AppleScript still requires ridiculous amounts of rote memorization,
and while its terms may match the terms people use in their everyday
lives, it only uses some of those terms, and they don't mean exactly
what they mean in everyday life.

> To take a single part of your implementation: 'len(<sequence>)'. Consider
> this for a second. 'len' is clearly an abbreviation of 'length'. Why? What
> was wrong with 'length'? Now, we're applying 'length' to a sequence to get
> the number of items in it. How does this make sense?

These are problems, but they are not problems AppleScript solves.

> 'length' isn't something that you do, it's an attribute that
> something has. 'count' is something that you do. Since when did
> someone 'length the items in a sequence'?

Not to put too fine a point on it, but most people don't read f(x) as
"do f to x".  They read it as "<intimidating mathematical formula>" or
"f of x".  "sin" isn't something you do, either --- it's an attribute
that an angle has.

Python does have the problem that it has three different ways to ask
for an attribute of an object:
    len(x)
    x.len
    x.len()

> > The real point you make above is that functional programs are simpler
> > than procedural ones, but that shouldn't be news to anyone.  The only
> > debates over functional programming are (a) can functional programs
> > run fast enough? and (b) can people understand functional programs
> > dealing with abstract concepts?
> 
> No. That's not the point I was making.

That may not have been the point you intended to make, but you did
succeed in making it quite clearly.

> AppleScript is not a functional language,

Your AppleScript example was a functional expression, and that was the
major difference between it and your Python sample.

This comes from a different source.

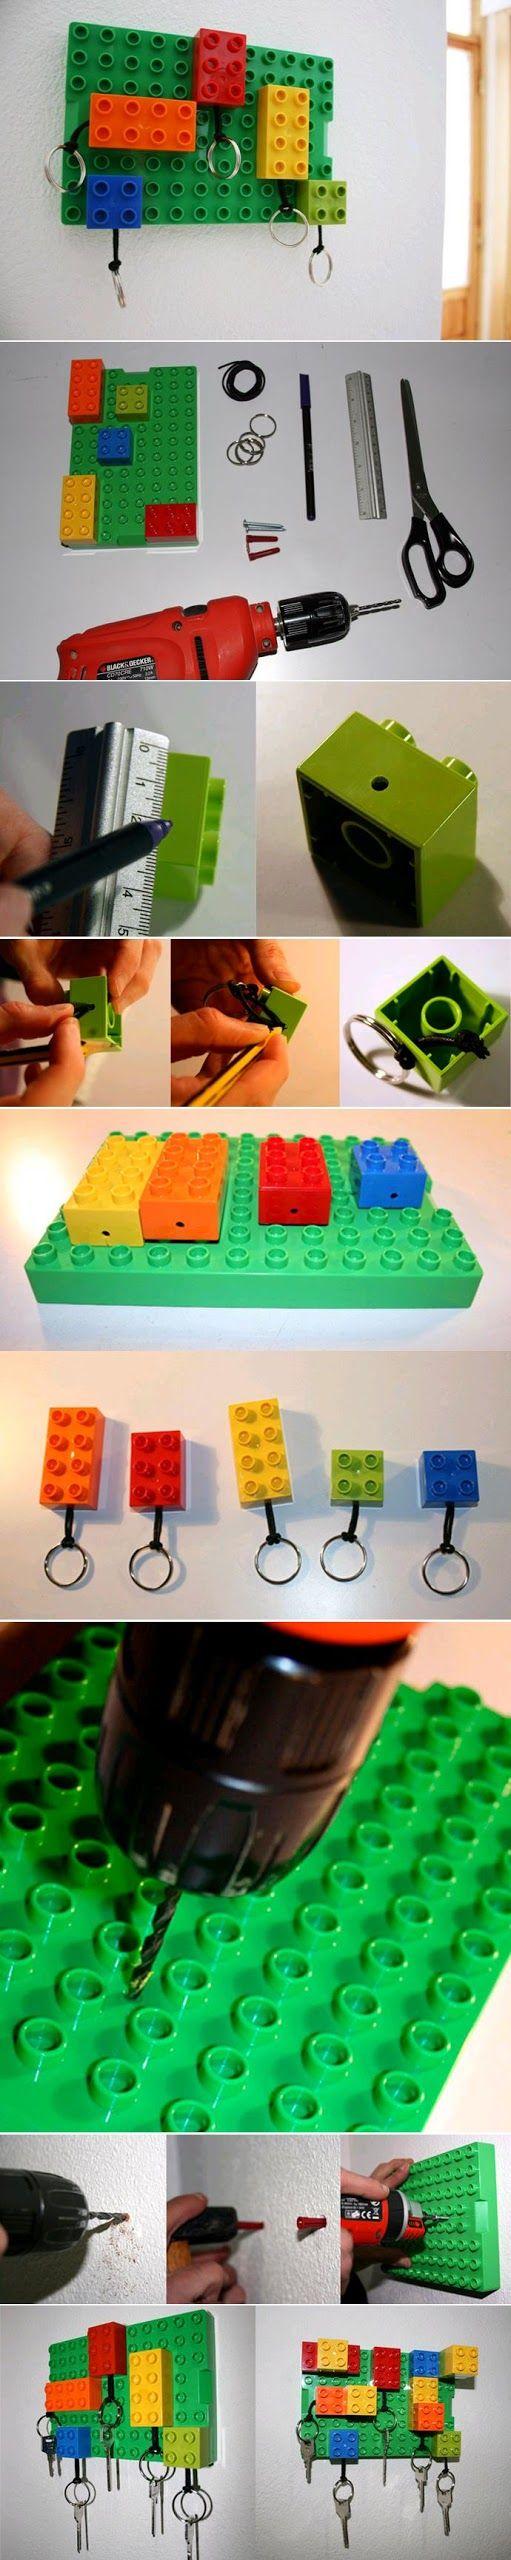 Diy : Lego Key Hanger Porta chaveiro! #DIY inteligente! rs ;)
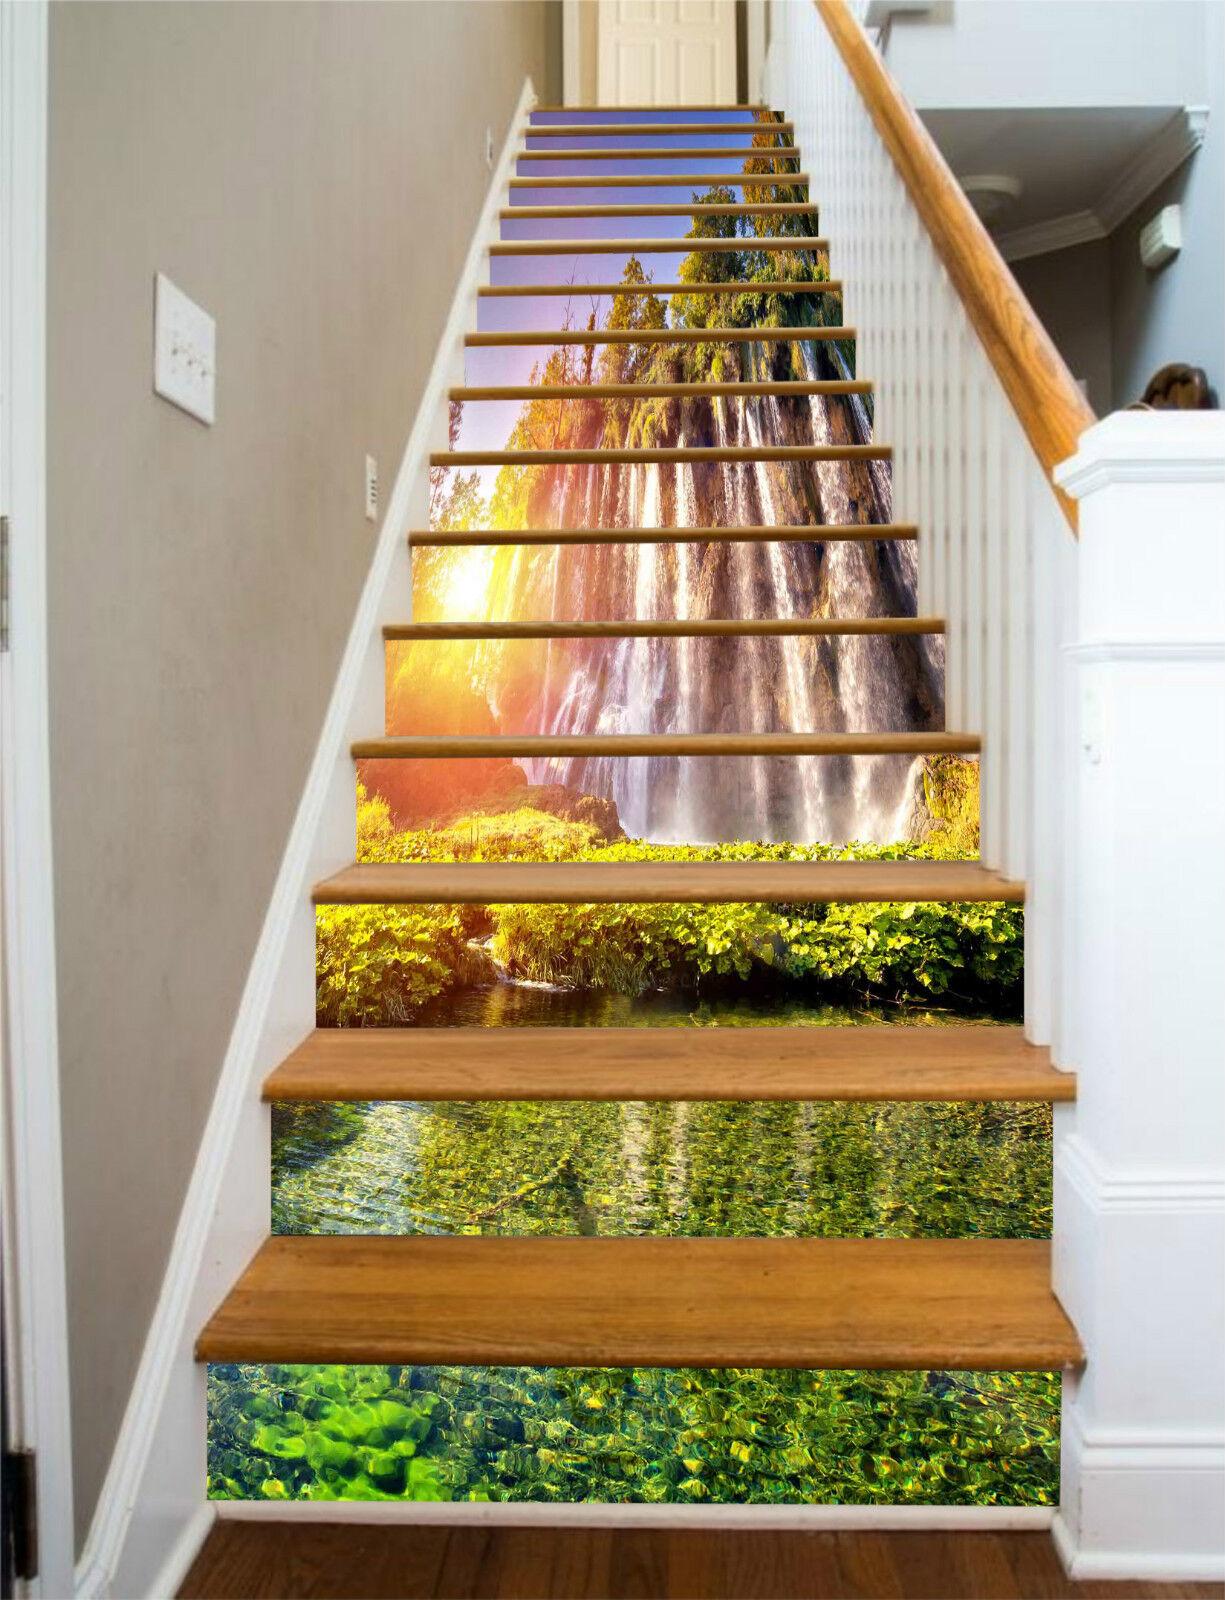 3D Wasserfall Wald 8Stair Risers Dekoration Fototapete Vinyl Aufkleber Tapete DE

> and I think functional languages are even more flawed than
> imperative languages in this respect. Functions make a sort of
> perfect mathematical sense to me, but to a non-programmer (or even a
> non-functional-programmer), they don't make any kind of sense at
> all.  Sequence makes sense to normal people: I do A, then I do B. If
> I have some kind of intermediate result then I put it somewhere. Mix
> ingredients in bowl, empty bowl into tin, put tin in oven, bake at
> 200C for 1 hour.

As I pointed out above, while functional programs are simpler, they
are often argued to be harder to understand.  This is why.

> What is it about us that hates verbosity in programming? Why 'len' over
> 'length'? Do the extra three letters really feel that hard to type?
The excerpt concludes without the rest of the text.